Actually, I was thinking of the wall and an inexperienced ho. I seldom use tape myself. I find it a l little time consuming. I have also used the paint on, wipe off method. If my thumb nail does not work, I will use my 5 in 1 wrapped in cotton cloth, t-shirt, etc.., if I can get it clean and not leave a line of unpainted surface. 

Pretty much on the same page. :thumbsup:


----------



## jsheridan (Jan 30, 2011)

I hear what you and Steve are saying. I take it from what you're saying you're a pro. As a pro myself, who thinks that tape is a crutch, a weak one at that, we should be teaching non-pros how to be like us. Taping, as you say, is time consuming and very expensive. We should be teaching people how work without it, not work better with it. That is why I put the tutorial together. Cutting lines is not as difficult as people think. Nothing will replace the practice accumulated over the years, but there are some simple basics that help people develop the skill.
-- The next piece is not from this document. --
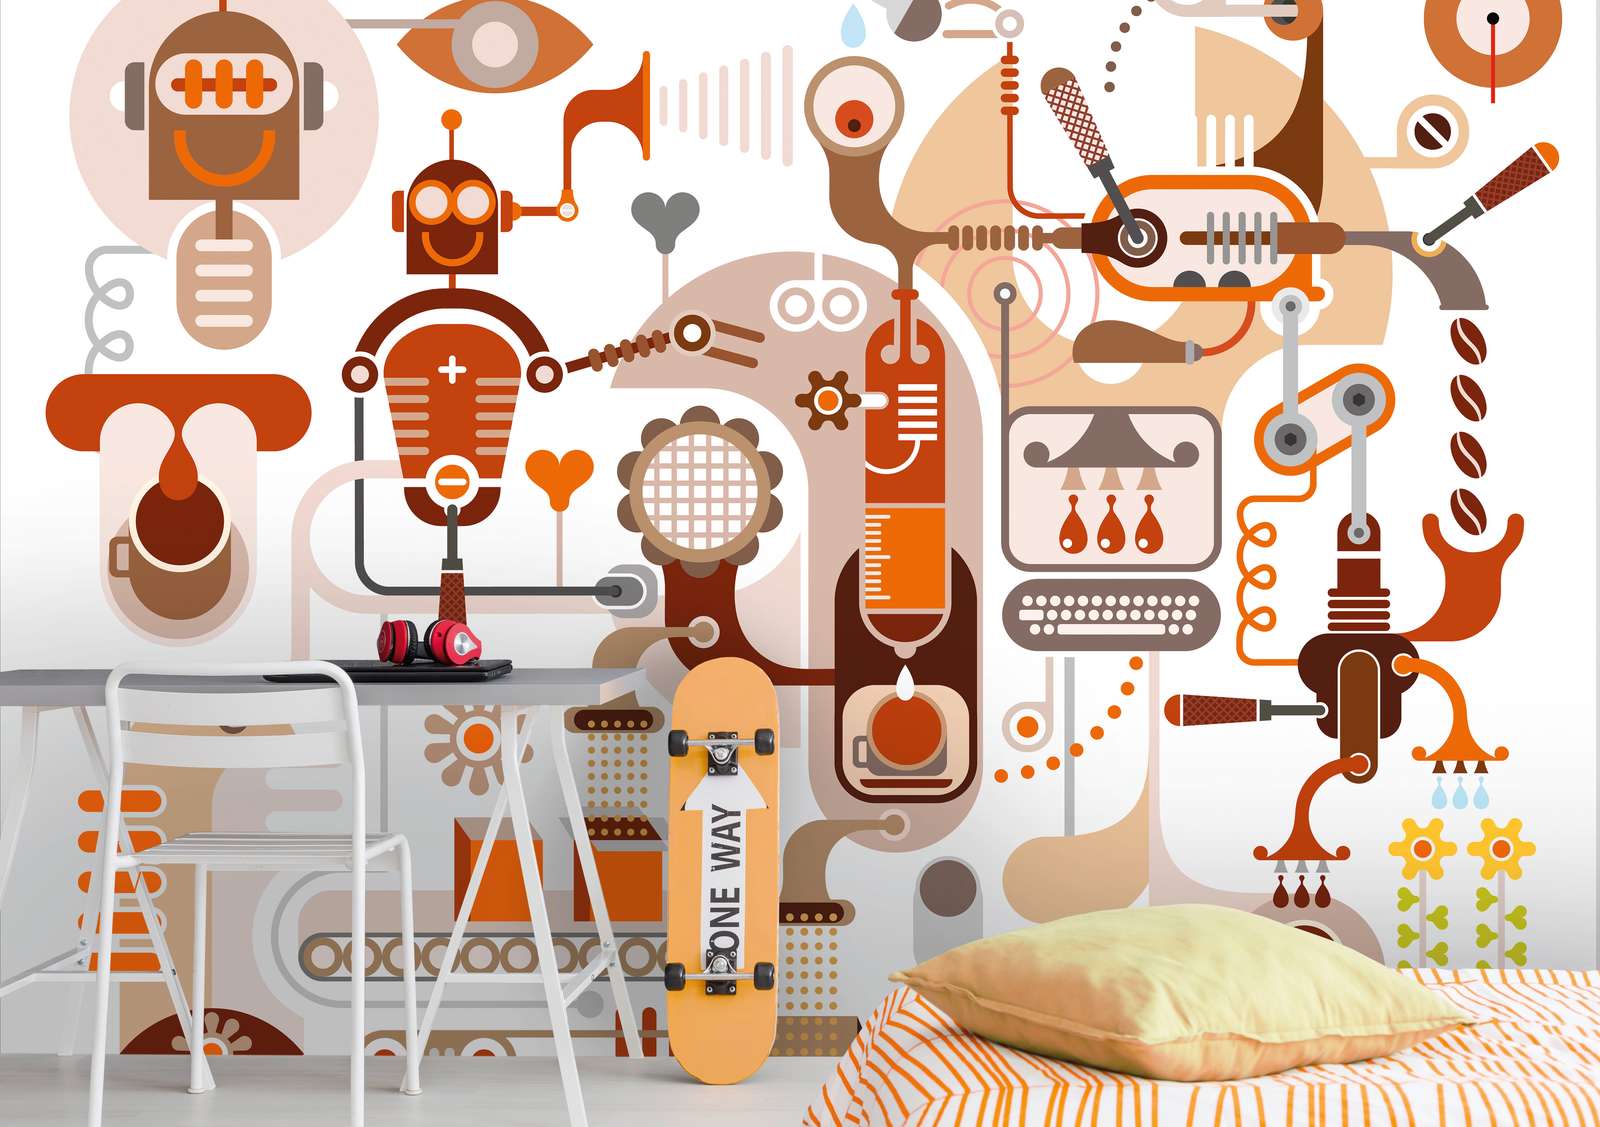             Papel pintado de Robots y máquinas para la habitación de los niños - Marrón, naranja, blanco

I explained them to a buddy over the phone one day-- I was driving and he was cutting-- and when I saw it later, he picked up what I was saying. You could see where he started, where he started talking to me, and by the time he got back to start he had it down and did a good job. He never went back over the rough areas though. :thumbup:
Joe
http://www.diypaintingguide.org/painting-without-using-painters-tape/


----------



## Matthewt1970 (Sep 16, 2008)

If there is a gap between the shoe moulding and the baseboard, what you also could do is put a bead of caulk down first. Wipe it with a wet rag or wet finger. That will give you a much straighter line to work with. Then cut in right to the edge of the caulk.


----------